> Dataset excerpt
▼▼▼
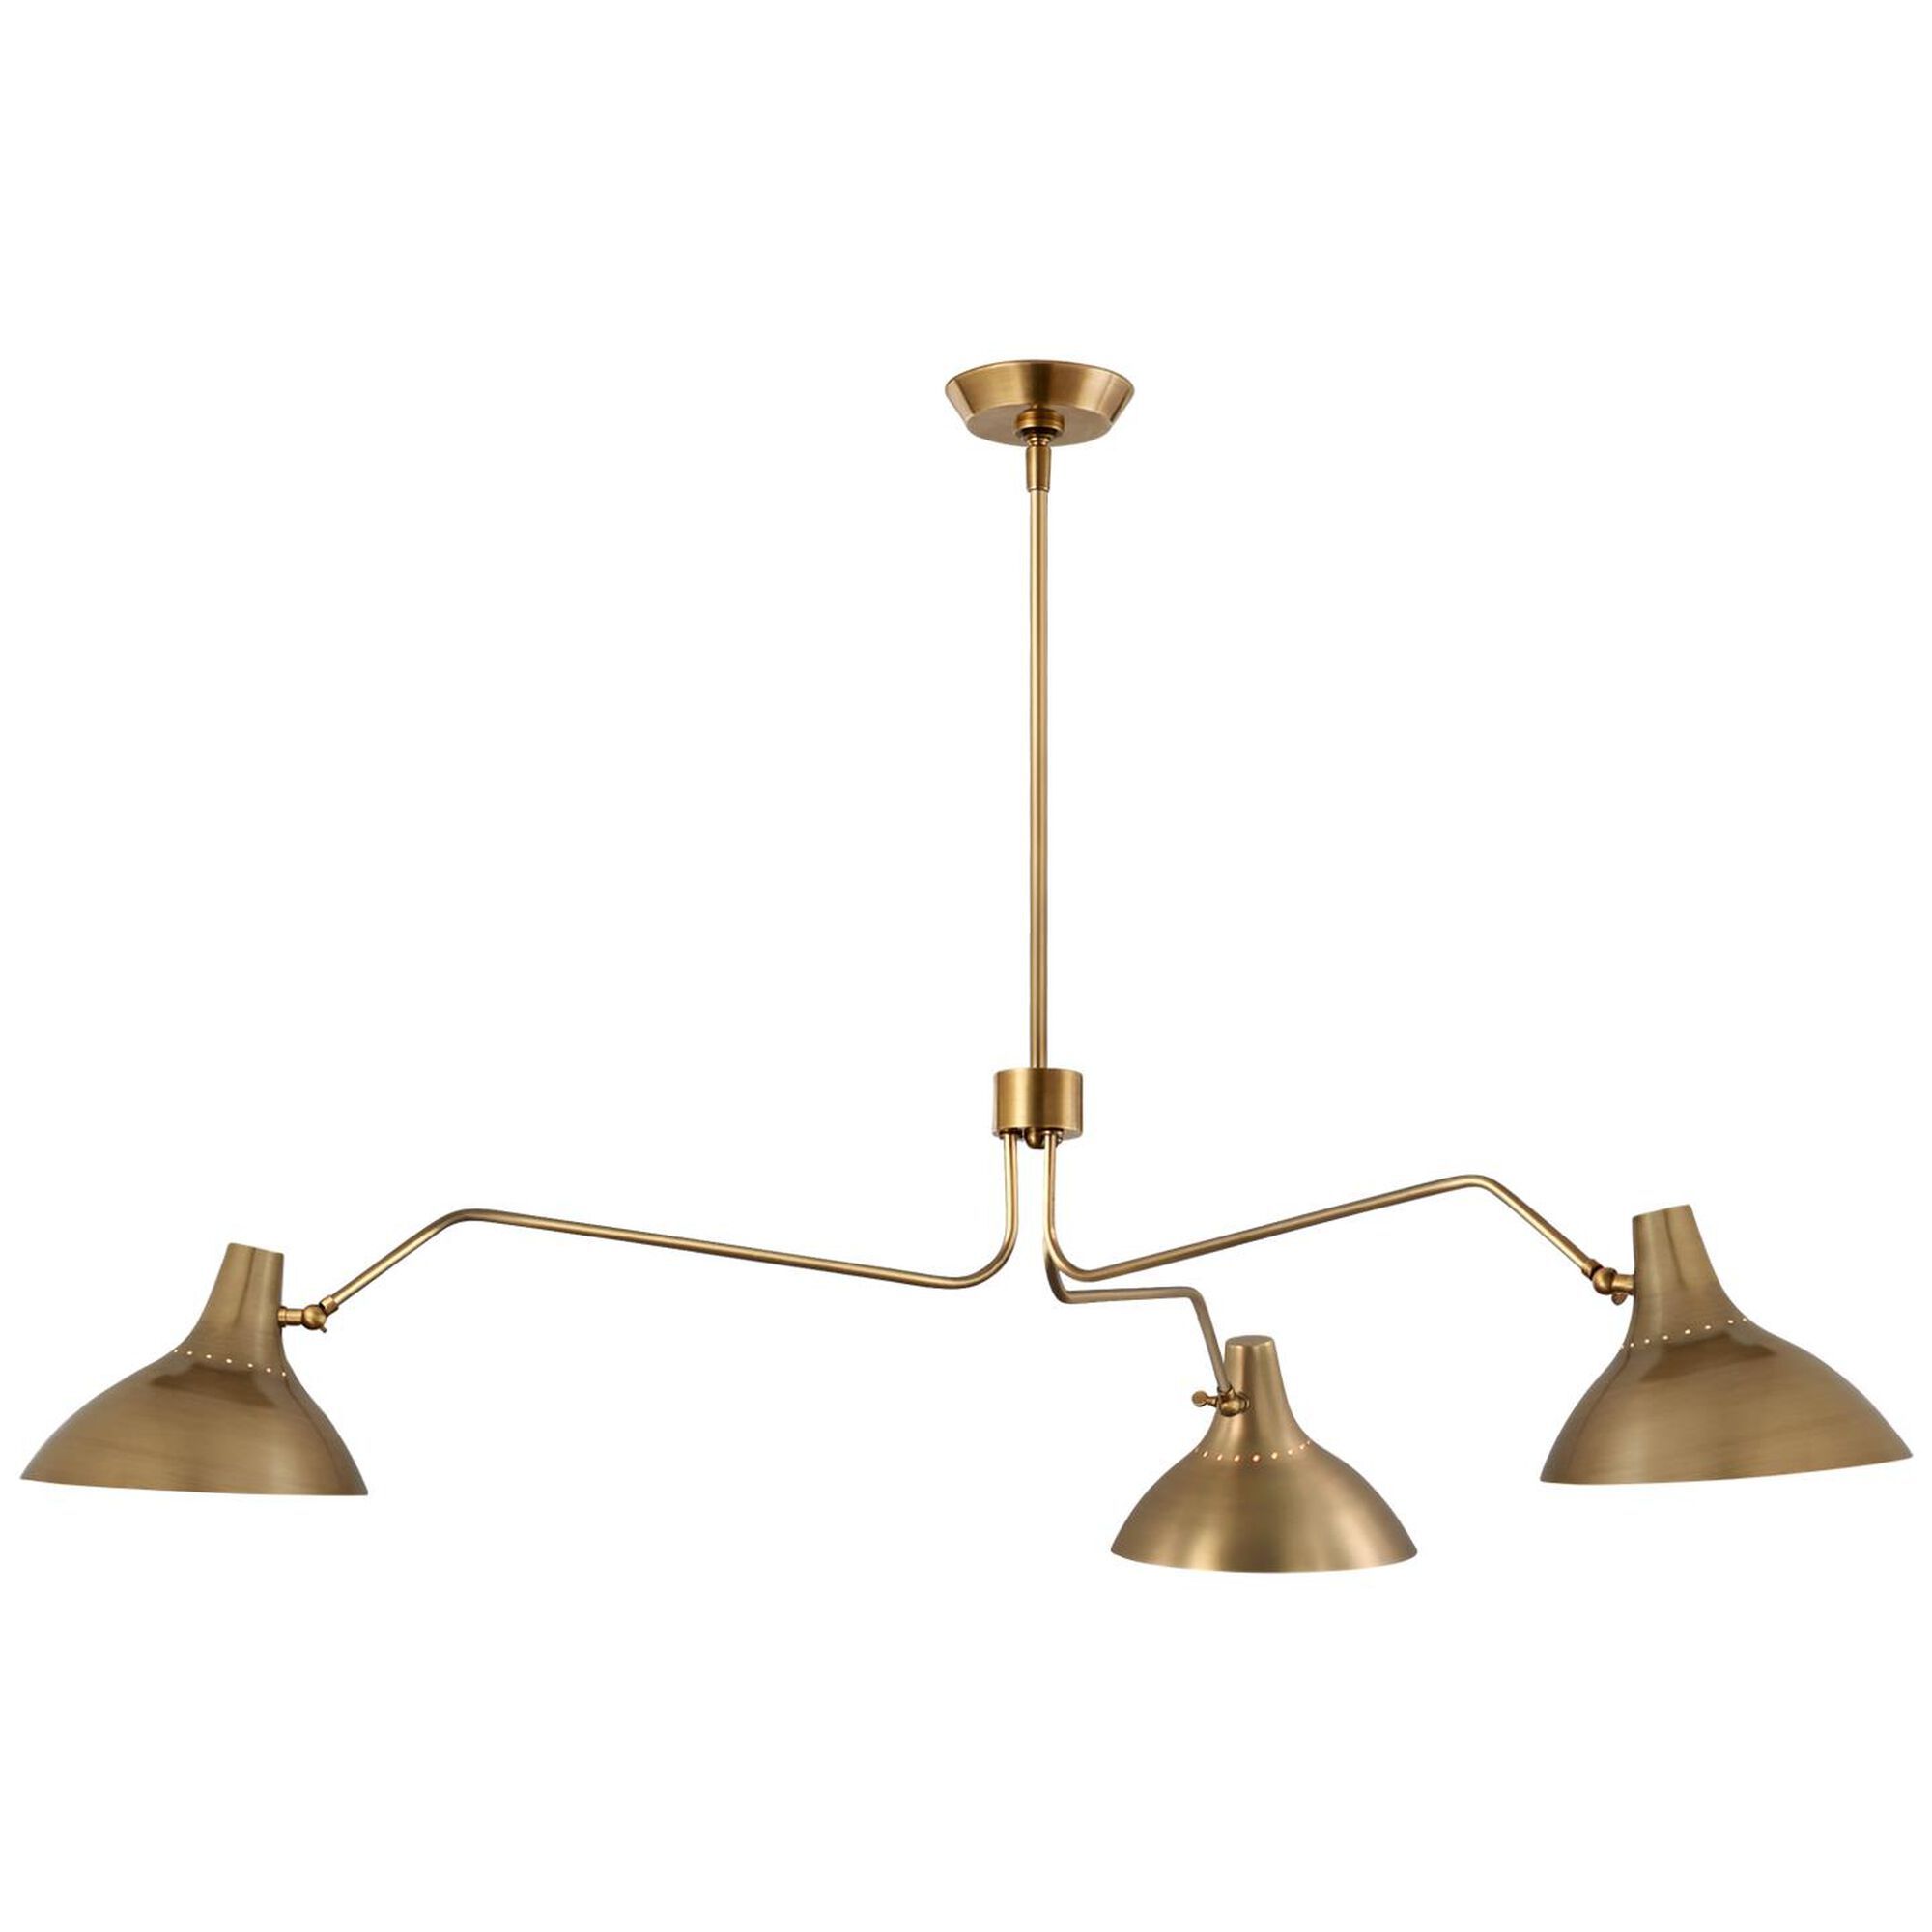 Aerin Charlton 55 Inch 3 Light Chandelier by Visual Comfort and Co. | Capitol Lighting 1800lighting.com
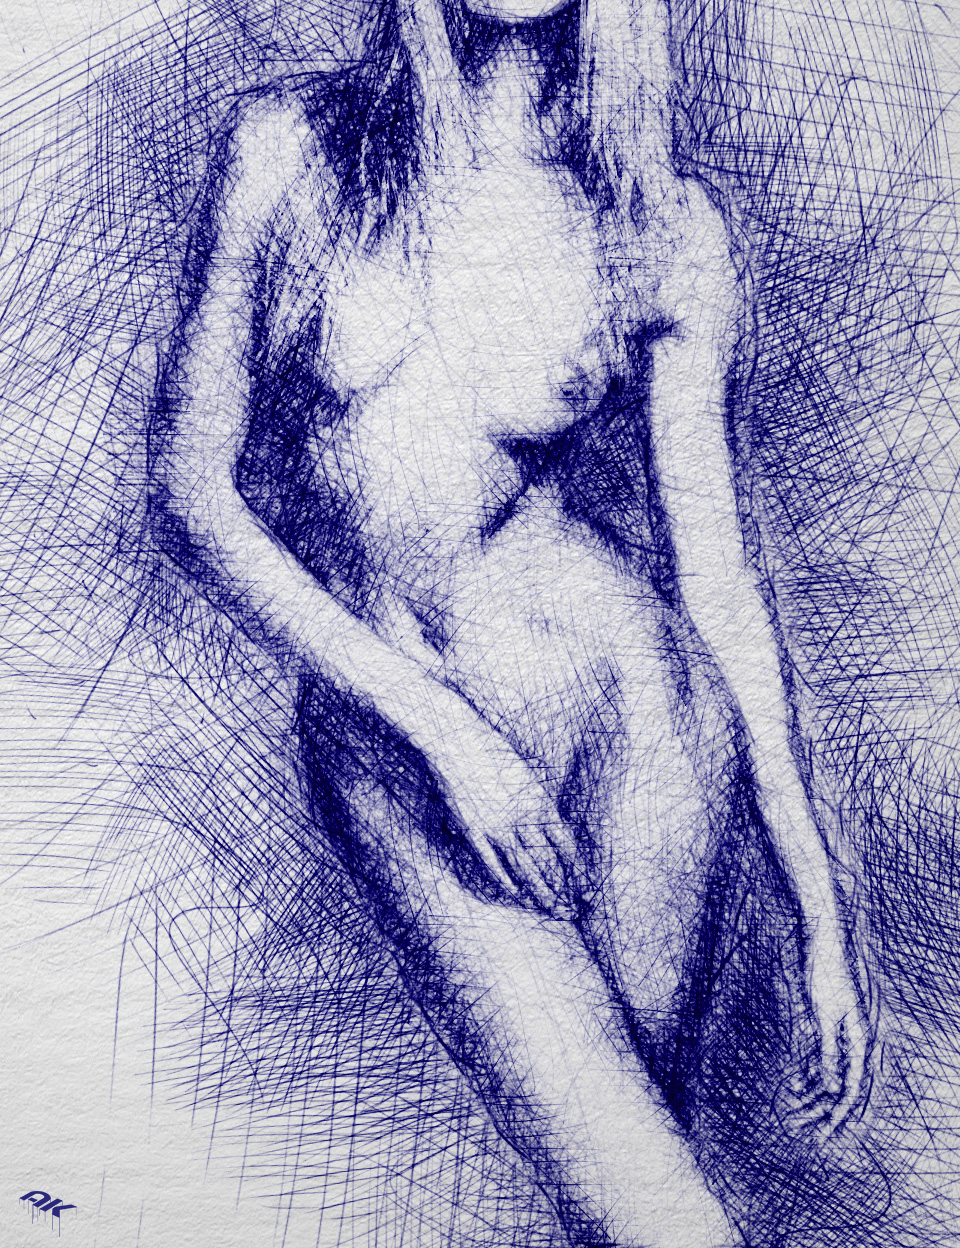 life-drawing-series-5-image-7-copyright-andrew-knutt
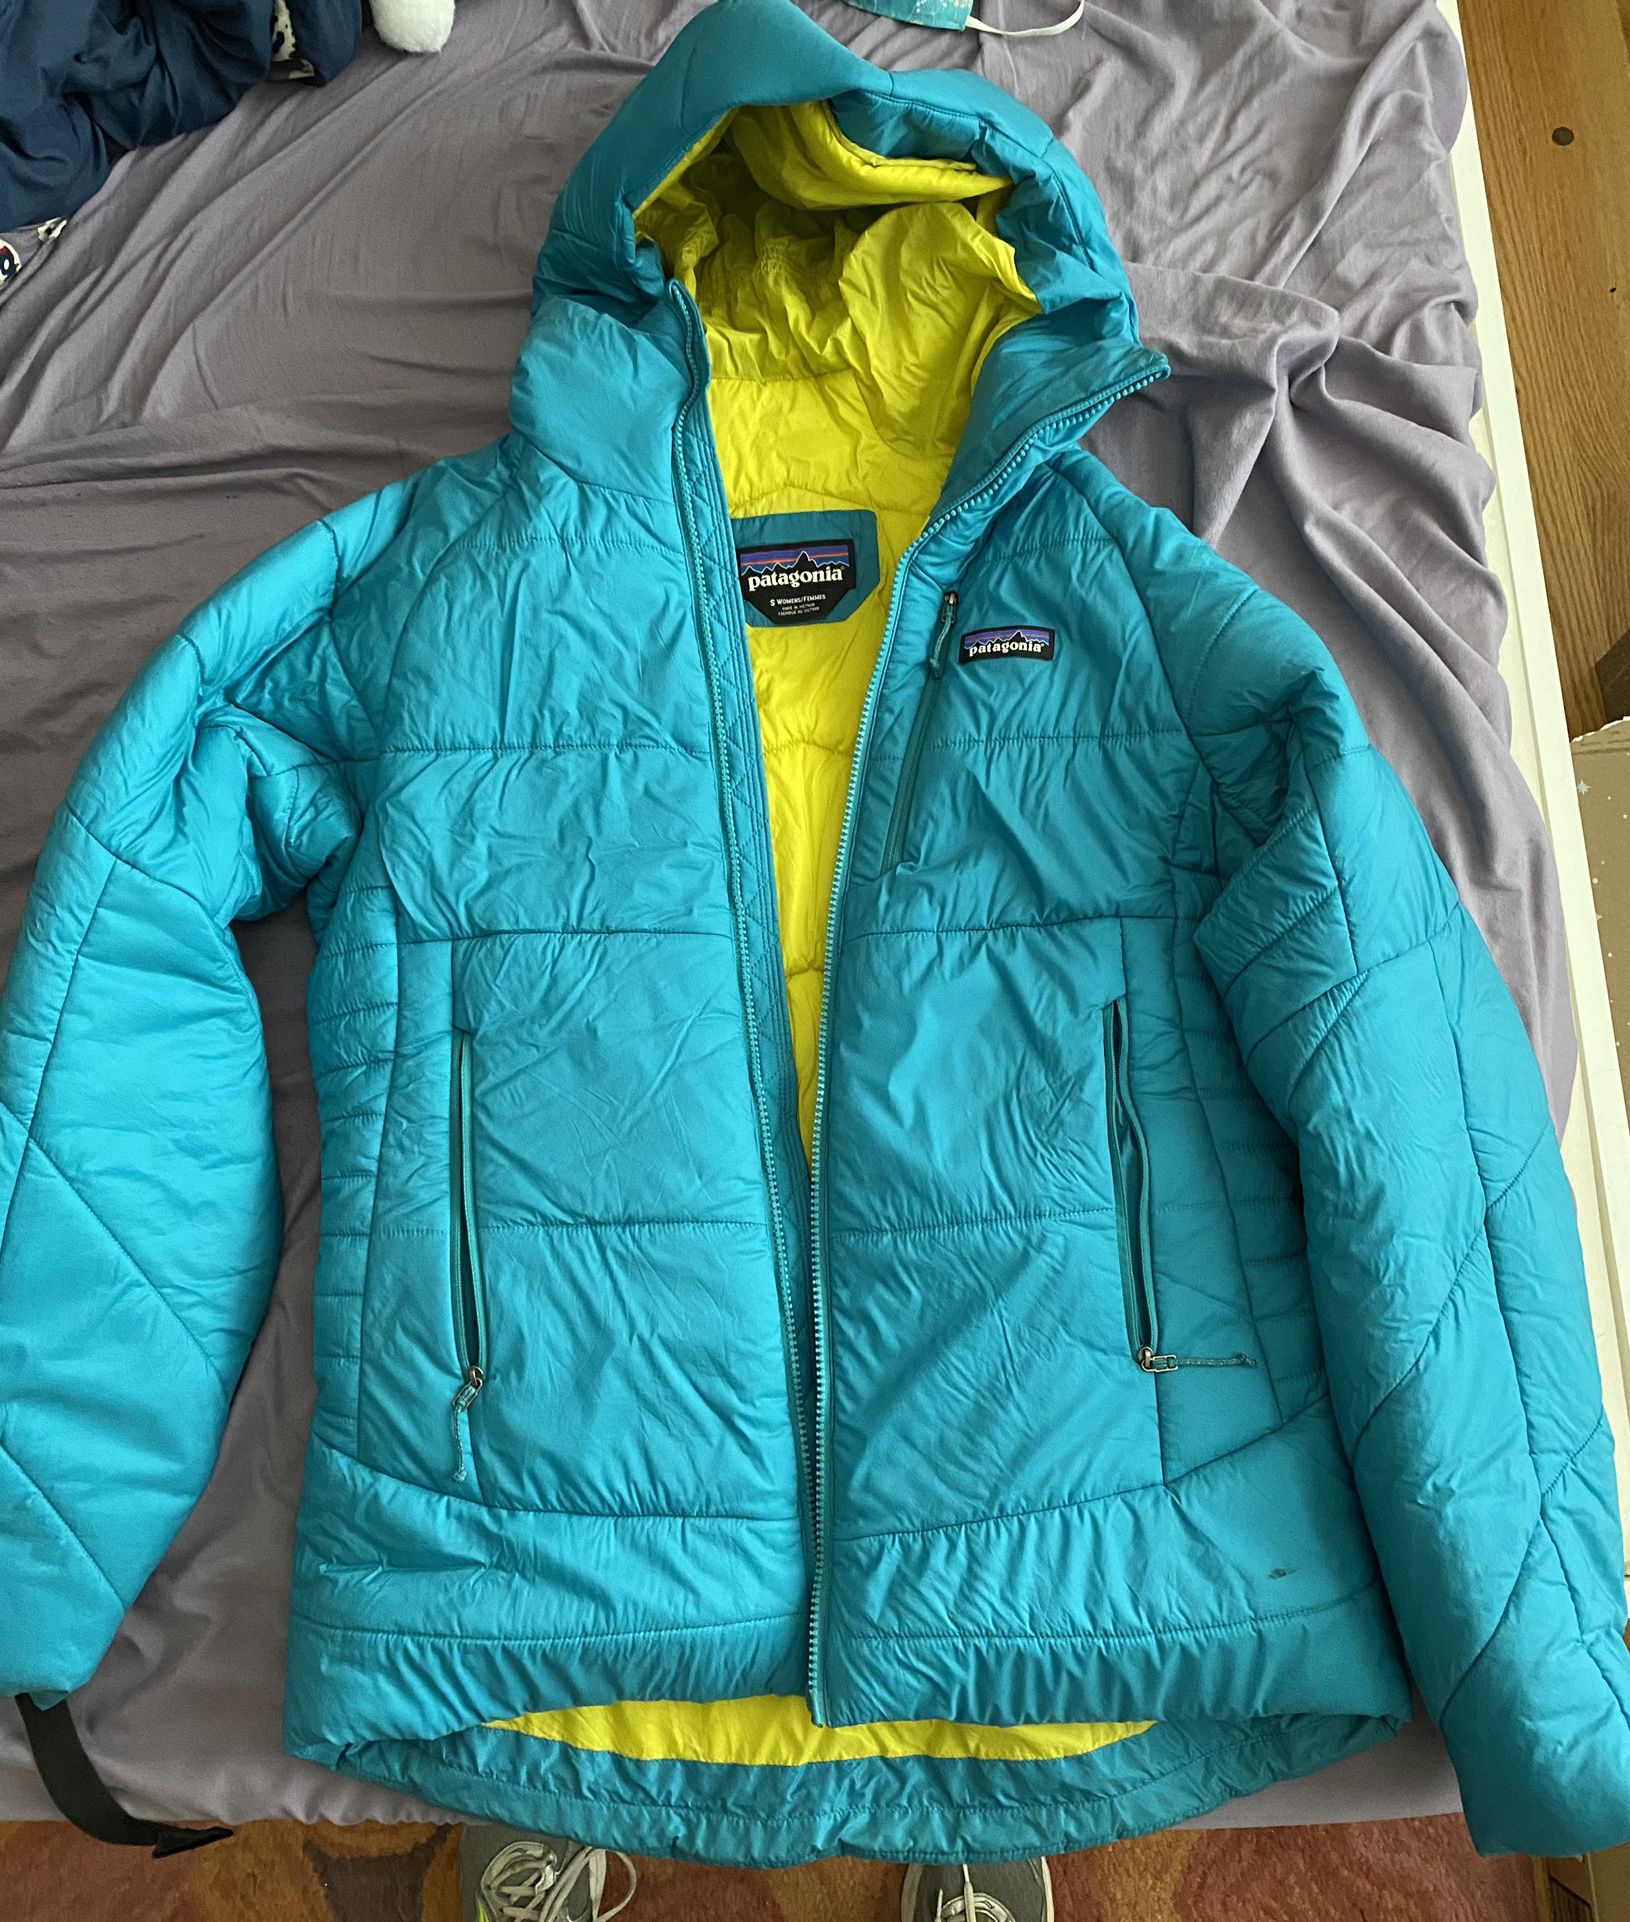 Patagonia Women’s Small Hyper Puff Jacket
▲▲▲
Copy the data exactly. Pictures do not belong in the copy.

 Aerin Charlton 55 Inch 3 Light Chandelier by Visual Comfort and Co. | Capitol Lighting 1800lighting.com
 life-drawing-series-5-image-7-copyright-andrew-knutt
 Patagonia Women’s Small Hyper Puff Jacket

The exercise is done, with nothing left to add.